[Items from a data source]
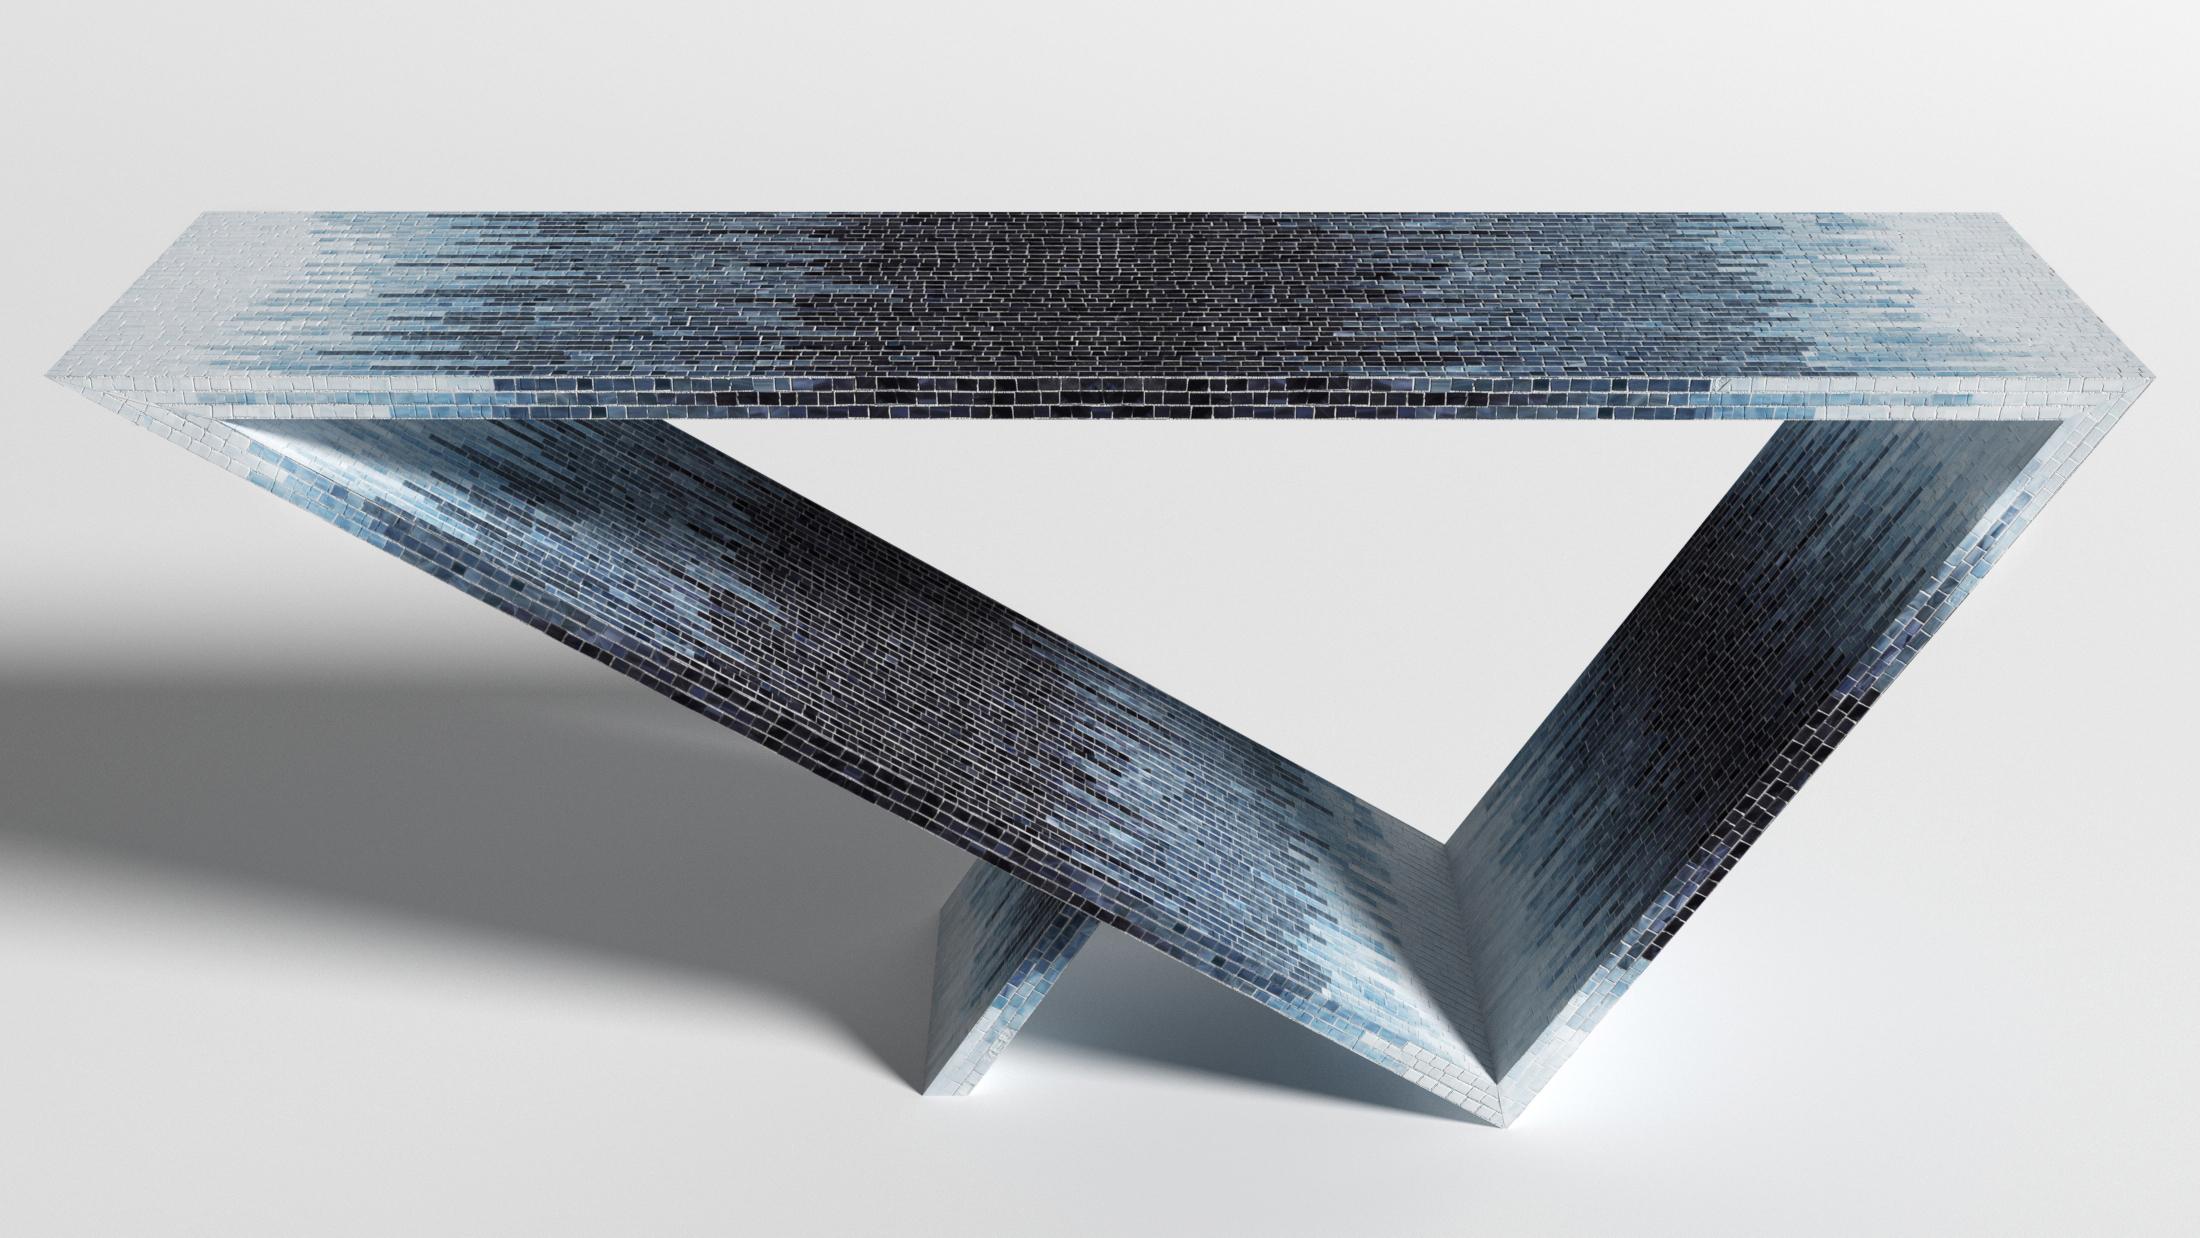 Console à ombre bleue du portail Time/Space #2 par Neal Aronowitz Design
Dimensions : D 172,7 x L 43,2 x H 76,2 cm
Matériaux : Mosaïque de carreaux de verre.
Cette table peut être fabriquée dans n'importe quelle couleur ou motif de mosaïque
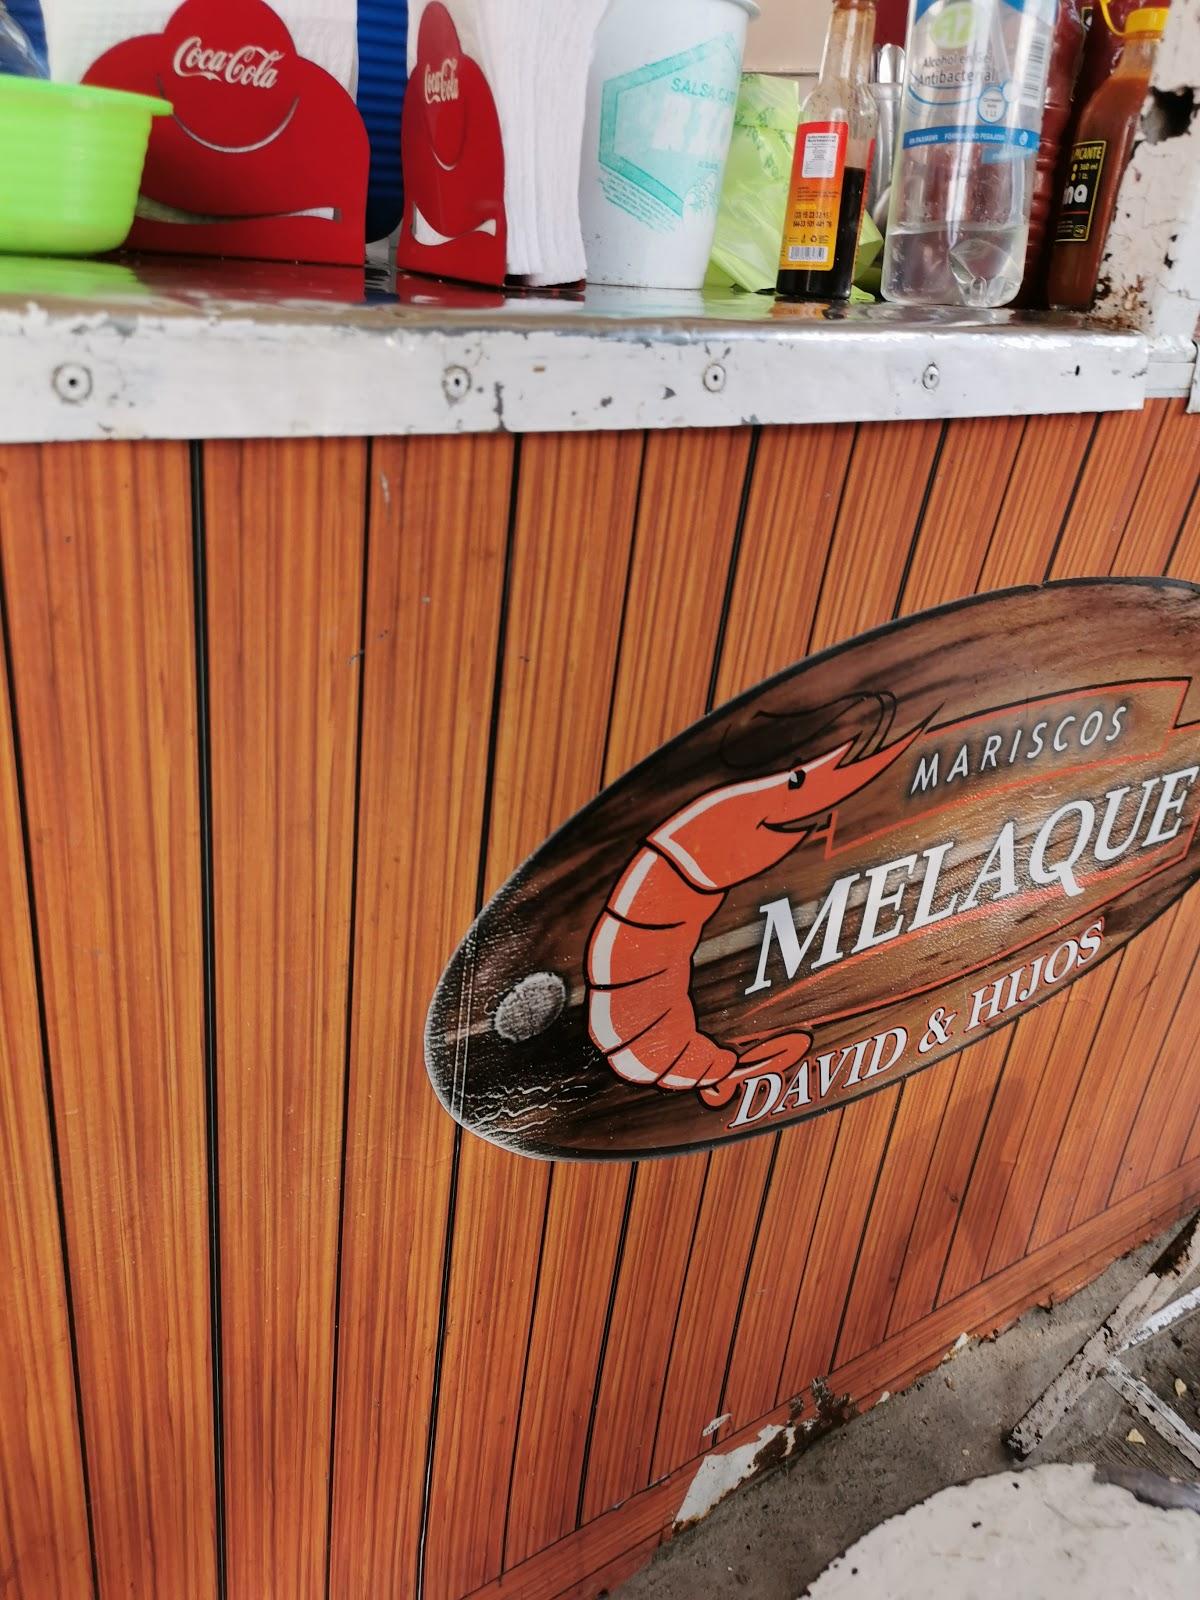 Restaurante Mariscos Melaque Mejia, Guadalajara - Opiniones del restaurante

YOUR OBJECTIVE: Starting at the line with "Matériaux : Mosaïque de carreaux de verre.", reproduce exactly each line through the end of the entries, including the first and the last, and skip the pictures.

FINISHED EXERCISE:
Matériaux : Mosaïque de carreaux de verre.
Cette table peut être fabriquée dans n'importe quelle couleur ou motif de mosaïque
 Restaurante Mariscos Melaque Mejia, Guadalajara - Opiniones del restaurante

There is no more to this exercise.